### WHAT IS NEEDED:
Reproduce the listing below precisely, leaving every line intact.

# # # # # # #

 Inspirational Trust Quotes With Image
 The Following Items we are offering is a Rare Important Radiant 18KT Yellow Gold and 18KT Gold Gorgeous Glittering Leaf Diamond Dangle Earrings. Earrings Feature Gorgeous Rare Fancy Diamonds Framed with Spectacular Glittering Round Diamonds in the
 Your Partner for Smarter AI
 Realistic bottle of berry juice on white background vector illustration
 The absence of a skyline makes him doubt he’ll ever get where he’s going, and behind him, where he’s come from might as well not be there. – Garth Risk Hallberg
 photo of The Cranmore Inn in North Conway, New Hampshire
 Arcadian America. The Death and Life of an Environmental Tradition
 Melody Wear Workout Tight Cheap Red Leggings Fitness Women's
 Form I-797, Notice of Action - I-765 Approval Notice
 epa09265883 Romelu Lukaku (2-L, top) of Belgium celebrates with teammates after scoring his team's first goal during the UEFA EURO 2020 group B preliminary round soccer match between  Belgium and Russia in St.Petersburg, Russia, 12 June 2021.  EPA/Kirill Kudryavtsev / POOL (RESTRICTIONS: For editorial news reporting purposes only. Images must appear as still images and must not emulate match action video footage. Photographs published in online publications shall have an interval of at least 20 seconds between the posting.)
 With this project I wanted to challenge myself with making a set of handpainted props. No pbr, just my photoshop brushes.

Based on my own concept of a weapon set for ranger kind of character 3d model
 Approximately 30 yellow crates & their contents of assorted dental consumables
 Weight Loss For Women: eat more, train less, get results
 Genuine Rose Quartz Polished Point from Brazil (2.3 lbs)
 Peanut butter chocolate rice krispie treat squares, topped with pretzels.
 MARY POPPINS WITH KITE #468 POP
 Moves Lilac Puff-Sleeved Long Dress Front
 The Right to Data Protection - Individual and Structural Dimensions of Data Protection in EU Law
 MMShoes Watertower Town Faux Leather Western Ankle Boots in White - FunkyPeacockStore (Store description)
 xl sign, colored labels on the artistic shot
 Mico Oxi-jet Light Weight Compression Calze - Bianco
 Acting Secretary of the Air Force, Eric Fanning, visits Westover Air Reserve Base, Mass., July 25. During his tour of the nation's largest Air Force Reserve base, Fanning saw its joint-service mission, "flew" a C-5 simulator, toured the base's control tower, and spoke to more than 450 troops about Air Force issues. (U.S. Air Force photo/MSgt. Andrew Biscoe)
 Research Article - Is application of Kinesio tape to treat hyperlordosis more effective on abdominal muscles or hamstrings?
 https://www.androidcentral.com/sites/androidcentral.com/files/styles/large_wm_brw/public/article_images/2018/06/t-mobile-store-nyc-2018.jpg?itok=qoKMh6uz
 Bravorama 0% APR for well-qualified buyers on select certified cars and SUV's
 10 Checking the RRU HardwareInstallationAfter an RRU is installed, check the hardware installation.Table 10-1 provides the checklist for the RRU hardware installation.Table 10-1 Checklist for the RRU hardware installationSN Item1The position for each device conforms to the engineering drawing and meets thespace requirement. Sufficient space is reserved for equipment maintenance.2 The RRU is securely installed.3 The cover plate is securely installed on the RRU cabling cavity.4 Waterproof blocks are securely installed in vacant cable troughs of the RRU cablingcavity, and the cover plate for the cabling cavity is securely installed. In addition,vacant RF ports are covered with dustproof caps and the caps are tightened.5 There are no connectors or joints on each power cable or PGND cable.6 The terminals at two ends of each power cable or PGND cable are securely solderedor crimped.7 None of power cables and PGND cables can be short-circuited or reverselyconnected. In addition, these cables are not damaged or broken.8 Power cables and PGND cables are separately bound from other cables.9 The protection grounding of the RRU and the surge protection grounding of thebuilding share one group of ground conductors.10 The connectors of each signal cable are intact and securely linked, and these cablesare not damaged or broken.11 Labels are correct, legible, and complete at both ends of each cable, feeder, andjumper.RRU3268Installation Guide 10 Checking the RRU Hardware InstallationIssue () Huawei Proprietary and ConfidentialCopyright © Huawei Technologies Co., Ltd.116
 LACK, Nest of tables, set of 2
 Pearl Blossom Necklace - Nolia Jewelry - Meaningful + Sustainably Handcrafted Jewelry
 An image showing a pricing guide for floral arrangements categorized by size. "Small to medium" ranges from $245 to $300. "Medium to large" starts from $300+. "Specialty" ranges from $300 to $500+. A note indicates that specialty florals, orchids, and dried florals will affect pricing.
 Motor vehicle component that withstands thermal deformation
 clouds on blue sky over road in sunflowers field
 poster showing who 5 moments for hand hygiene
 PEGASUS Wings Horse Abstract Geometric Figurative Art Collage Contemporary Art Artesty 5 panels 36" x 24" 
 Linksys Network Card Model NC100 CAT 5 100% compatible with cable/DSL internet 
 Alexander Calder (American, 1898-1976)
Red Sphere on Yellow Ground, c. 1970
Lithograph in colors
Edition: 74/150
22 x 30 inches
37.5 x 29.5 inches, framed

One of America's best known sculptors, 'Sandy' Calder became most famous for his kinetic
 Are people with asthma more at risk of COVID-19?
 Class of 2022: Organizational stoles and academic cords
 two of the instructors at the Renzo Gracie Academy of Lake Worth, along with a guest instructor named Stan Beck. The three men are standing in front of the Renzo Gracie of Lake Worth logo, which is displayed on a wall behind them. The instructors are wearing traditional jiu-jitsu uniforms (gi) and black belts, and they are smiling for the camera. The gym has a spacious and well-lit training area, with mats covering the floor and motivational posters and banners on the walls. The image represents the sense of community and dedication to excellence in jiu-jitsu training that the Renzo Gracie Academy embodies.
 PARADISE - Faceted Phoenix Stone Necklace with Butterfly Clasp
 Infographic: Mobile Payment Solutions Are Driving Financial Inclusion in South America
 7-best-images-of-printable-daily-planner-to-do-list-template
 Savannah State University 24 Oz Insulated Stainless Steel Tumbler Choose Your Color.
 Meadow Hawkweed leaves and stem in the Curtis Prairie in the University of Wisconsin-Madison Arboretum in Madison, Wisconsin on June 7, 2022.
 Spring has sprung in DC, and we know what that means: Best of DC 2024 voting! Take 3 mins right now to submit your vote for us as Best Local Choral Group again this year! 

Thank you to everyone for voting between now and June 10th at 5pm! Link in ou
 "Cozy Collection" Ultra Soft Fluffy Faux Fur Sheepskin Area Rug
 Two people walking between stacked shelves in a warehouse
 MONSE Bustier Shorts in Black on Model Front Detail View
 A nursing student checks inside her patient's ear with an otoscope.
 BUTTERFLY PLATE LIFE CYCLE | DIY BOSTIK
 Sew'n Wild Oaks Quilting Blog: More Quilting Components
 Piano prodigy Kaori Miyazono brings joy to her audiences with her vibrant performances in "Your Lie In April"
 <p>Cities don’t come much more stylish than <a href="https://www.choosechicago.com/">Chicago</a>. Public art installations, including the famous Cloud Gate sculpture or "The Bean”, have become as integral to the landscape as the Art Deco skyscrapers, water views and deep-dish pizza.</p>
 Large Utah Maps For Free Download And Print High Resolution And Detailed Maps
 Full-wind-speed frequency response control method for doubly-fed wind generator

# # # # # # #

### FINISHED EXERCISE:
 Inspirational Trust Quotes With Image
 The Following Items we are offering is a Rare Important Radiant 18KT Yellow Gold and 18KT Gold Gorgeous Glittering Leaf Diamond Dangle Earrings. Earrings Feature Gorgeous Rare Fancy Diamonds Framed with Spectacular Glittering Round Diamonds in the
 Your Partner for Smarter AI
 Realistic bottle of berry juice on white background vector illustration
 The absence of a skyline makes him doubt he’ll ever get where he’s going, and behind him, where he’s come from might as well not be there. – Garth Risk Hallberg
 photo of The Cranmore Inn in North Conway, New Hampshire
 Arcadian America. The Death and Life of an Environmental Tradition
 Melody Wear Workout Tight Cheap Red Leggings Fitness Women's
 Form I-797, Notice of Action - I-765 Approval Notice
 epa09265883 Romelu Lukaku (2-L, top) of Belgium celebrates with teammates after scoring his team's first goal during the UEFA EURO 2020 group B preliminary round soccer match between  Belgium and Russia in St.Petersburg, Russia, 12 June 2021.  EPA/Kirill Kudryavtsev / POOL (RESTRICTIONS: For editorial news reporting purposes only. Images must appear as still images and must not emulate match action video footage. Photographs published in online publications shall have an interval of at least 20 seconds between the posting.)
 With this project I wanted to challenge myself with making a set of handpainted props. No pbr, just my photoshop brushes.

Based on my own concept of a weapon set for ranger kind of character 3d model
 Approximately 30 yellow crates & their contents of assorted dental consumables
 Weight Loss For Women: eat more, train less, get results
 Genuine Rose Quartz Polished Point from Brazil (2.3 lbs)
 Peanut butter chocolate rice krispie treat squares, topped with pretzels.
 MARY POPPINS WITH KITE #468 POP
 Moves Lilac Puff-Sleeved Long Dress Front
 The Right to Data Protection - Individual and Structural Dimensions of Data Protection in EU Law
 MMShoes Watertower Town Faux Leather Western Ankle Boots in White - FunkyPeacockStore (Store description)
 xl sign, colored labels on the artistic shot
 Mico Oxi-jet Light Weight Compression Calze - Bianco
 Acting Secretary of the Air Force, Eric Fanning, visits Westover Air Reserve Base, Mass., July 25. During his tour of the nation's largest Air Force Reserve base, Fanning saw its joint-service mission, "flew" a C-5 simulator, toured the base's control tower, and spoke to more than 450 troops about Air Force issues. (U.S. Air Force photo/MSgt. Andrew Biscoe)
 Research Article - Is application of Kinesio tape to treat hyperlordosis more effective on abdominal muscles or hamstrings?
 https://www.androidcentral.com/sites/androidcentral.com/files/styles/large_wm_brw/public/article_images/2018/06/t-mobile-store-nyc-2018.jpg?itok=qoKMh6uz
 Bravorama 0% APR for well-qualified buyers on select certified cars and SUV's
 10 Checking the RRU HardwareInstallationAfter an RRU is installed, check the hardware installation.Table 10-1 provides the checklist for the RRU hardware installation.Table 10-1 Checklist for the RRU hardware installationSN Item1The position for each device conforms to the engineering drawing and meets thespace requirement. Sufficient space is reserved for equipment maintenance.2 The RRU is securely installed.3 The cover plate is securely installed on the RRU cabling cavity.4 Waterproof blocks are securely installed in vacant cable troughs of the RRU cablingcavity, and the cover plate for the cabling cavity is securely installed. In addition,vacant RF ports are covered with dustproof caps and the caps are tightened.5 There are no connectors or joints on each power cable or PGND cable.6 The terminals at two ends of each power cable or PGND cable are securely solderedor crimped.7 None of power cables and PGND cables can be short-circuited or reverselyconnected. In addition, these cables are not damaged or broken.8 Power cables and PGND cables are separately bound from other cables.9 The protection grounding of the RRU and the surge protection grounding of thebuilding share one group of ground conductors.10 The connectors of each signal cable are intact and securely linked, and these cablesare not damaged or broken.11 Labels are correct, legible, and complete at both ends of each cable, feeder, andjumper.RRU3268Installation Guide 10 Checking the RRU Hardware InstallationIssue () Huawei Proprietary and ConfidentialCopyright © Huawei Technologies Co., Ltd.116
 LACK, Nest of tables, set of 2
 Pearl Blossom Necklace - Nolia Jewelry - Meaningful + Sustainably Handcrafted Jewelry
 An image showing a pricing guide for floral arrangements categorized by size. "Small to medium" ranges from $245 to $300. "Medium to large" starts from $300+. "Specialty" ranges from $300 to $500+. A note indicates that specialty florals, orchids, and dried florals will affect pricing.
 Motor vehicle component that withstands thermal deformation
 clouds on blue sky over road in sunflowers field
 poster showing who 5 moments for hand hygiene
 PEGASUS Wings Horse Abstract Geometric Figurative Art Collage Contemporary Art Artesty 5 panels 36" x 24" 
 Linksys Network Card Model NC100 CAT 5 100% compatible with cable/DSL internet 
 Alexander Calder (American, 1898-1976)
Red Sphere on Yellow Ground, c. 1970
Lithograph in colors
Edition: 74/150
22 x 30 inches
37.5 x 29.5 inches, framed

One of America's best known sculptors, 'Sandy' Calder became most famous for his kinetic
 Are people with asthma more at risk of COVID-19?
 Class of 2022: Organizational stoles and academic cords
 two of the instructors at the Renzo Gracie Academy of Lake Worth, along with a guest instructor named Stan Beck. The three men are standing in front of the Renzo Gracie of Lake Worth logo, which is displayed on a wall behind them. The instructors are wearing traditional jiu-jitsu uniforms (gi) and black belts, and they are smiling for the camera. The gym has a spacious and well-lit training area, with mats covering the floor and motivational posters and banners on the walls. The image represents the sense of community and dedication to excellence in jiu-jitsu training that the Renzo Gracie Academy embodies.
 PARADISE - Faceted Phoenix Stone Necklace with Butterfly Clasp
 Infographic: Mobile Payment Solutions Are Driving Financial Inclusion in South America
 7-best-images-of-printable-daily-planner-to-do-list-template
 Savannah State University 24 Oz Insulated Stainless Steel Tumbler Choose Your Color.
 Meadow Hawkweed leaves and stem in the Curtis Prairie in the University of Wisconsin-Madison Arboretum in Madison, Wisconsin on June 7, 2022.
 Spring has sprung in DC, and we know what that means: Best of DC 2024 voting! Take 3 mins right now to submit your vote for us as Best Local Choral Group again this year! 

Thank you to everyone for voting between now and June 10th at 5pm! Link in ou
 "Cozy Collection" Ultra Soft Fluffy Faux Fur Sheepskin Area Rug
 Two people walking between stacked shelves in a warehouse
 MONSE Bustier Shorts in Black on Model Front Detail View
 A nursing student checks inside her patient's ear with an otoscope.
 BUTTERFLY PLATE LIFE CYCLE | DIY BOSTIK
 Sew'n Wild Oaks Quilting Blog: More Quilting Components
 Piano prodigy Kaori Miyazono brings joy to her audiences with her vibrant performances in "Your Lie In April"
 <p>Cities don’t come much more stylish than <a href="https://www.choosechicago.com/">Chicago</a>. Public art installations, including the famous Cloud Gate sculpture or "The Bean”, have become as integral to the landscape as the Art Deco skyscrapers, water views and deep-dish pizza.</p>
 Large Utah Maps For Free Download And Print High Resolution And Detailed Maps
 Full-wind-speed frequency response control method for doubly-fed wind generator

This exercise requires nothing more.